*HOW TO COMPLETE THIS TASK*
Leave out pictures; repeat exactly the lines from the "Courteney Cox Shares" line through the last of the data below.
RECORD SET section start
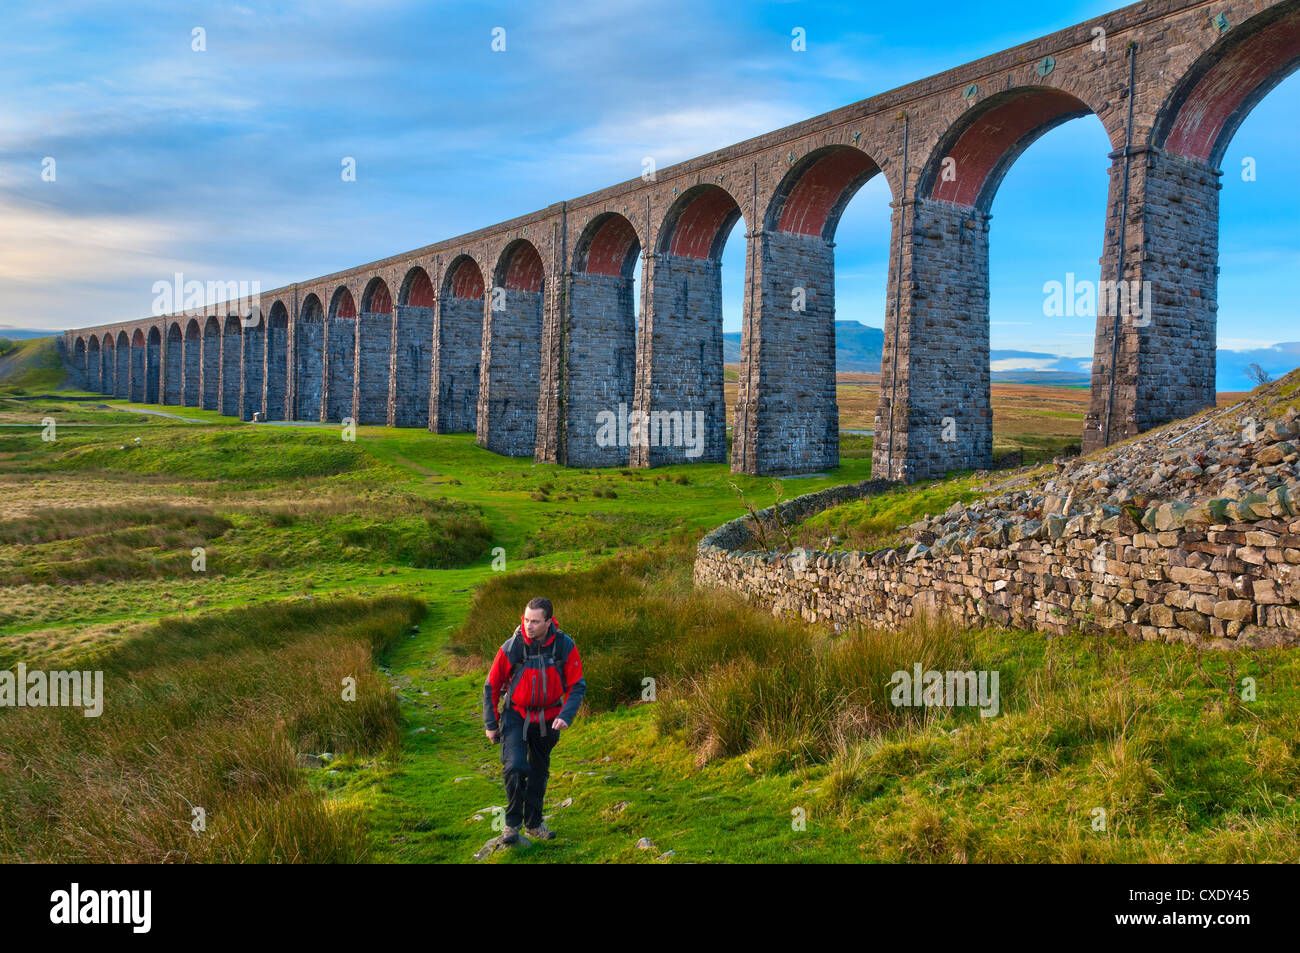 Pen-y-ghent and Ribblehead Viaduct on Settle to Carlisle Railway, Yorkshire Dales National Park, North Yorkshire, England, UK Stock Photo
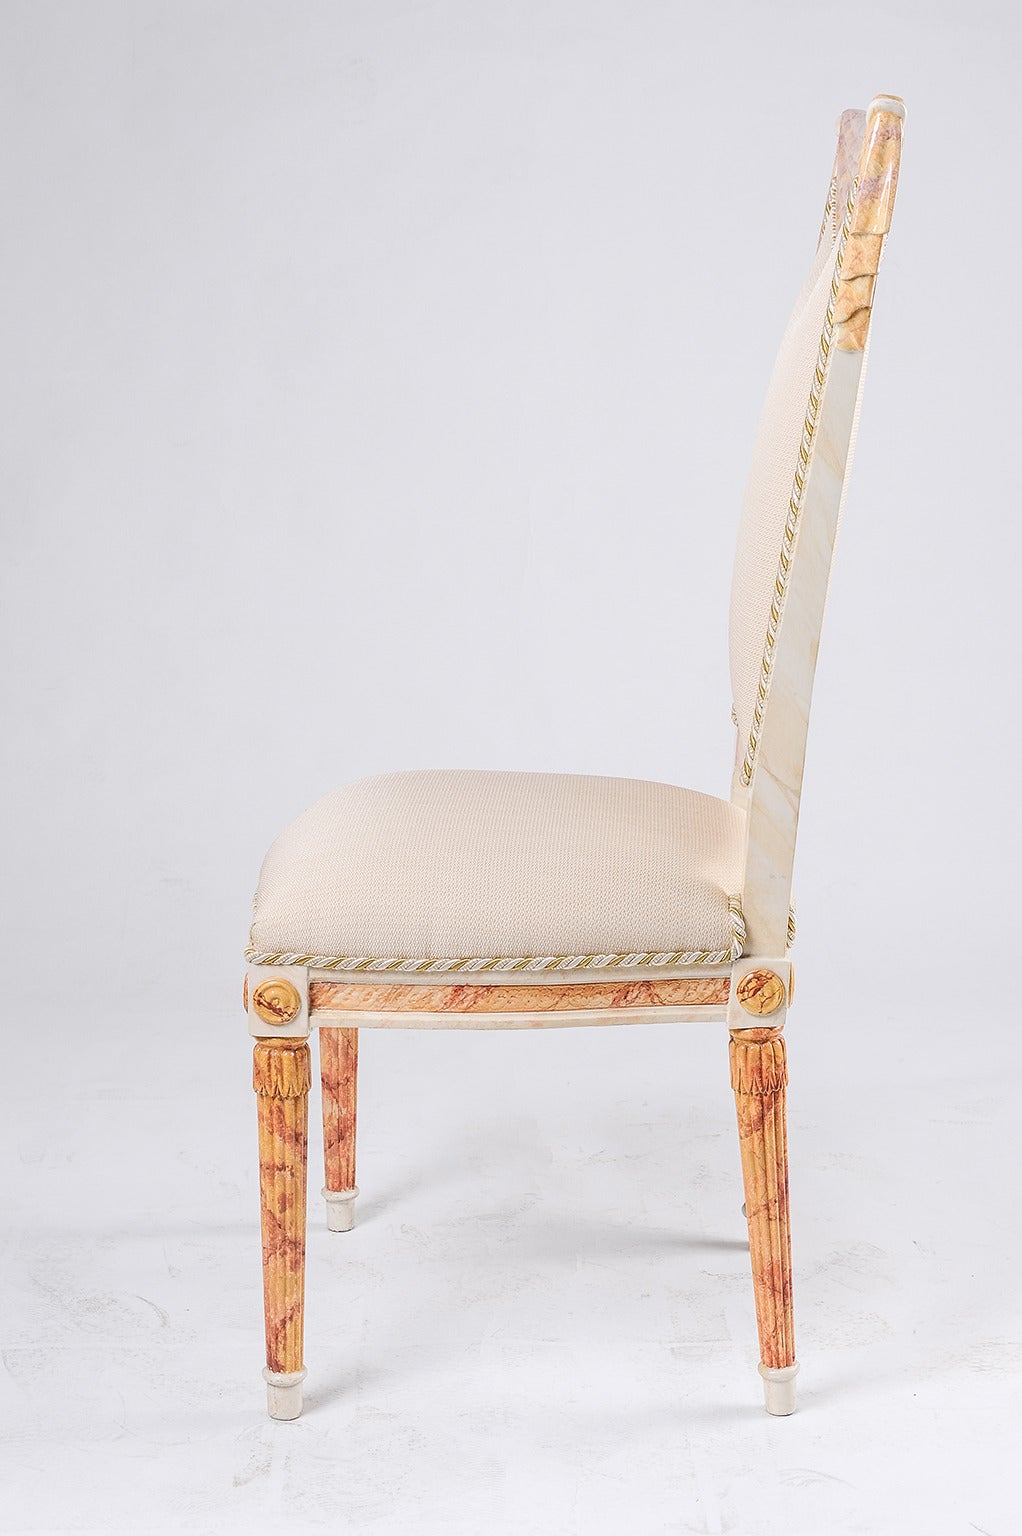 M/1040 -  Draped fanciful chair, from a Classical Roman imaginary model, - Hollywood Regency Style -
  May be a gift for the  birthday of a young girl or for a special lady !     
 It's a true sculpture, in wood lacquered and painted faux marble.
 
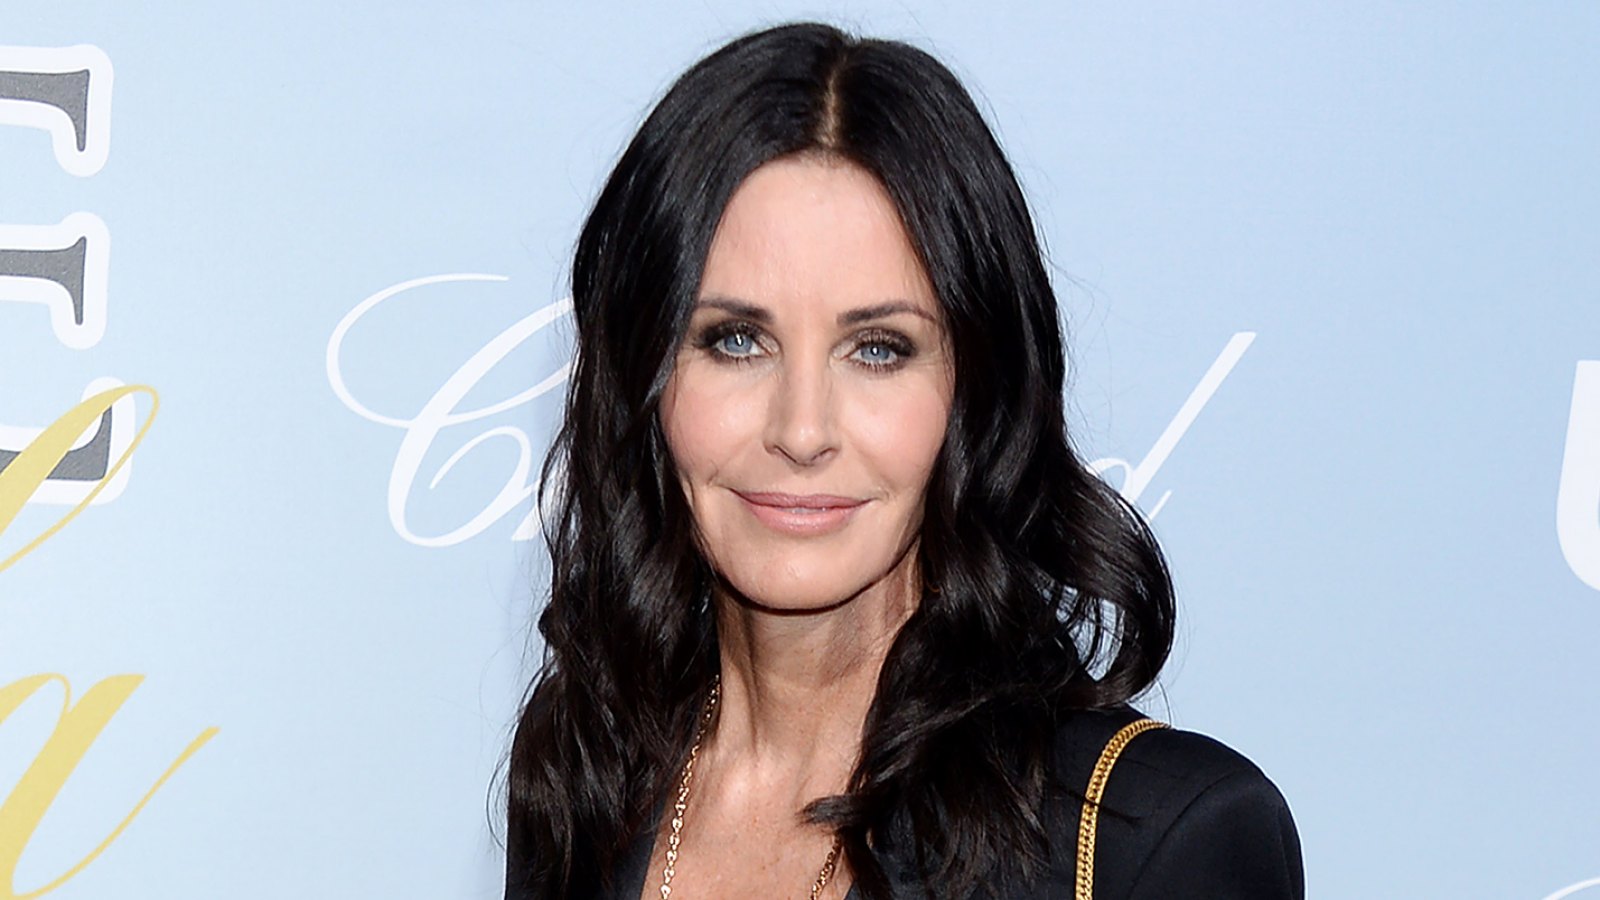 Courteney Cox Shares Her 5 Minute Makeup Routine
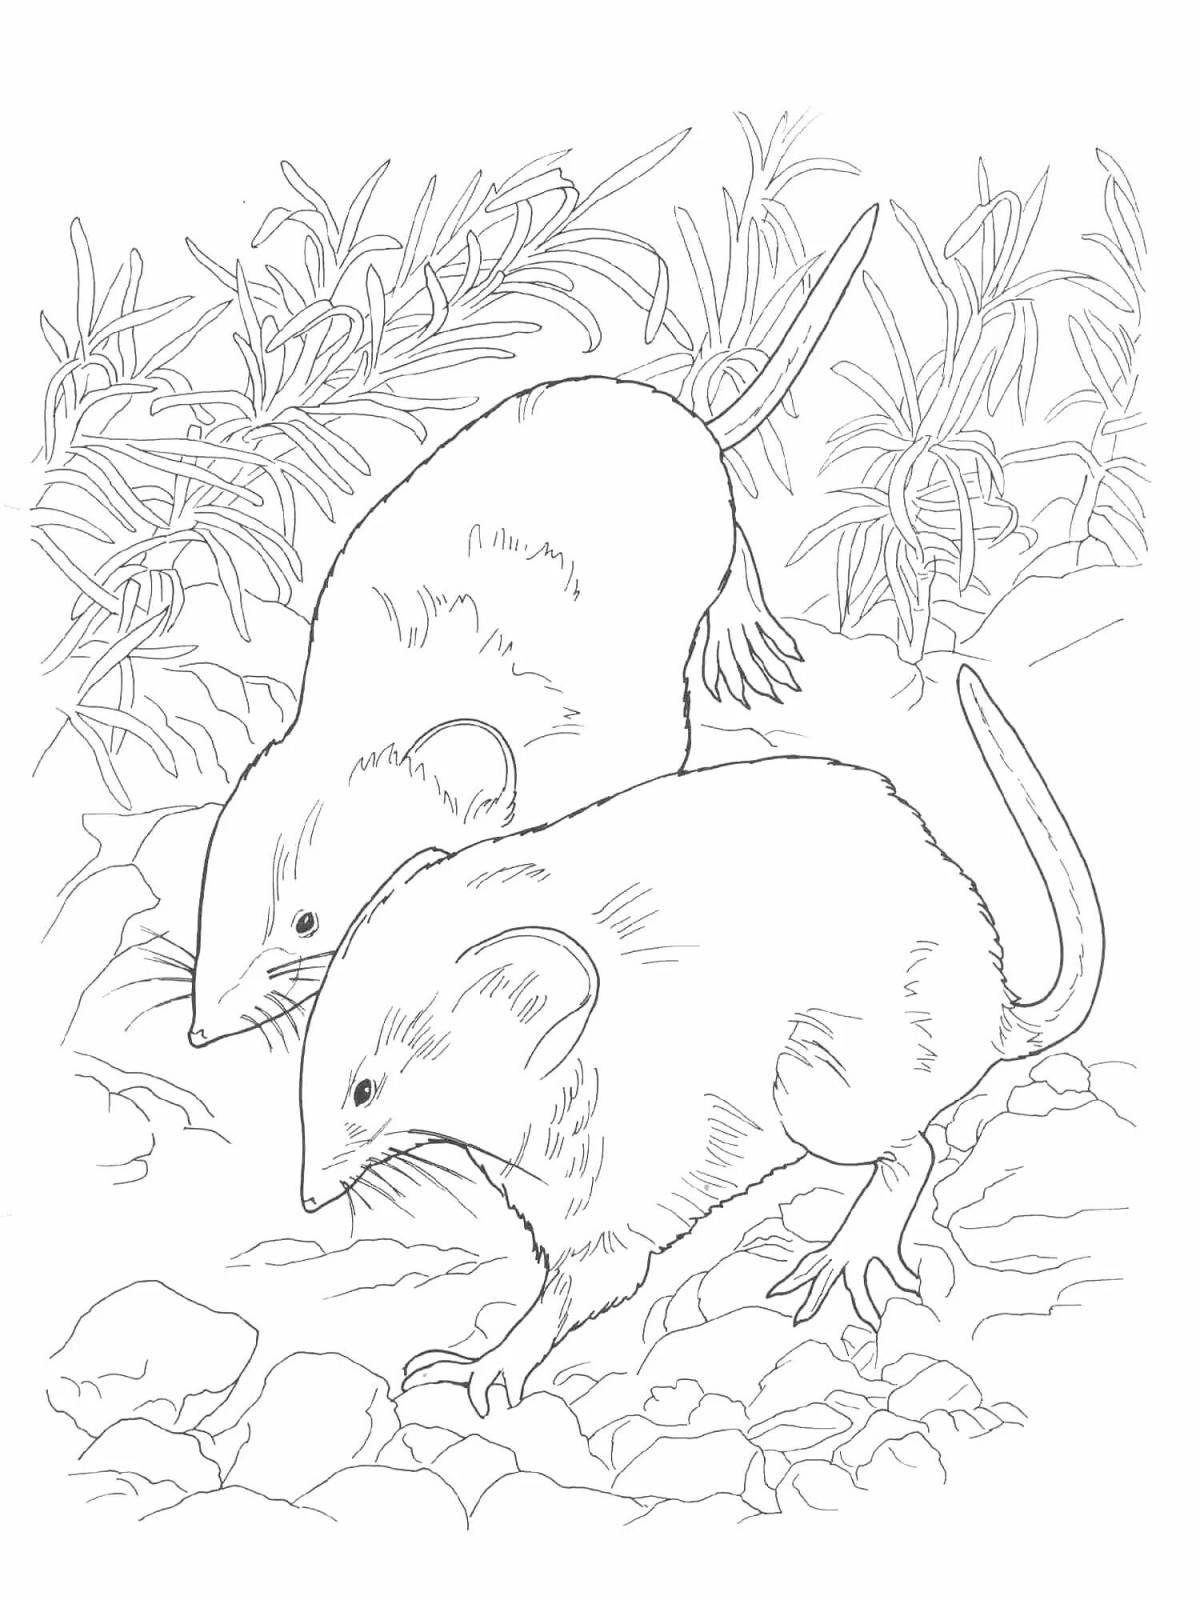 Humorous coloring mouse-vole
RECORD SET section end
*FINISHED EXERCISE*
 Courteney Cox Shares Her 5 Minute Makeup Routine
 Humorous coloring mouse-vole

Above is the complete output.